No you can not take any liquid on a plane (carry-on) if its over 100ml. I have heard of people bringing them in thier luggage by putting the fish in a large plastic pop bottle and insulating the bottle with foil and wrap with clothing, granted this flight was from Winnipeg to Toronto and the fish survived. With the new security I would think twice, also it would not be that expensive to ship it properly from a reliable breeder with a garuntee of live arrival.


----------



## fishclubgirl (Mar 4, 2010)

Ok, here's how it's done and I've done this quite often across Canada and the US. Go to Walmart and get a small hard sided drink cooler that will fit into your luggage. If you have to keep the fish in your hotel room for a couple of days you can use it as a tank. Mine has an outside pocket I use to put heat packs if I need them. I do use breather bags as they don't take up as much room but it's up to you. So put the fish into this in your luggage. If you're coming across the border, you can declare them as long as they're not on the CITES list but that may change in March. I do this as customs seems to treat me better then. Just got in last night with a dozen bettas and half a dozen yucatan mollies from california. First customs person said I'd have to show them the fish, second guy's comment "bettas aren't illegal in Canada so you're good to go". You can bring back boxes of fish on United but not Air Canada and I learned that the hard way. I also bring fish to show at the CAOAC show this way too. I have not lost a single fish but did have new molly fry for the show in Oakville.


----------



## Lee_D (Jun 11, 2010)

Yet another person talking about a show in Oakville. What did I miss?

Lee


----------



## fishclubgirl (Mar 4, 2010)

Well you did miss one little female schenops molly who has frequent flyer miles come in and kick some male sailfin butt. Even though she gave birth the day before, she came in second. I did think about entering her in the single parent category. She's back home in alberta and doing great...


----------



## bob123 (Dec 31, 2009)

You missed alot that show was on May 24 weekend.


----------



## Lee_D (Jun 11, 2010)

Ah, that explains it.
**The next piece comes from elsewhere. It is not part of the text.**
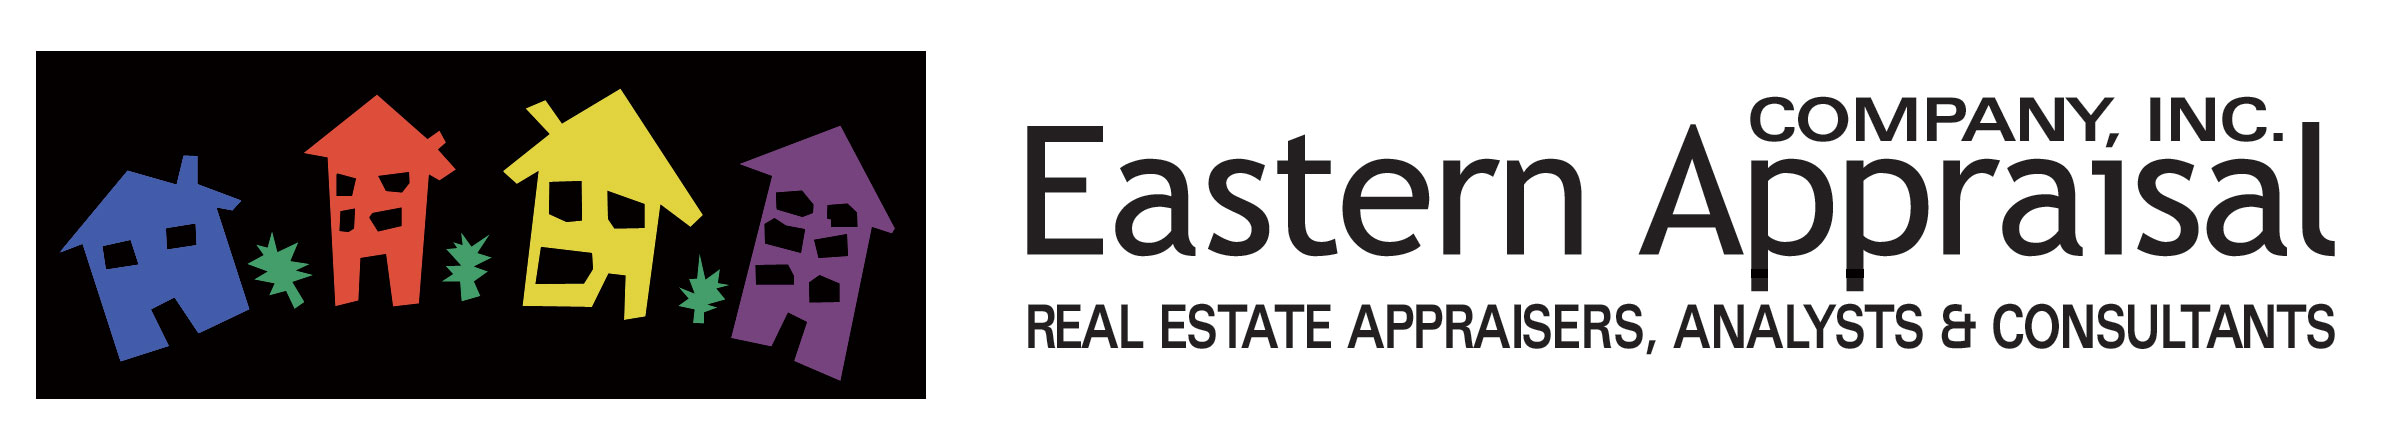 Eastern Appraisal Company Logo

I hadn't thawed out yet!

Lee


----------



## alan (Dec 3, 2010)

My relatives have brought me fish from Poland a few times now. Once 4 bags with angelfish pairs and they were allowed and all survived a 9 hour flight without any deaths. This was in luggage not carry on and the bags were surrounded by clothes and double bagged.


----------



## DZinck (Aug 18, 2010)

Drive to Buffalo and buy some Angelfish at the pet stores down there.
You wont be disappointed.


----------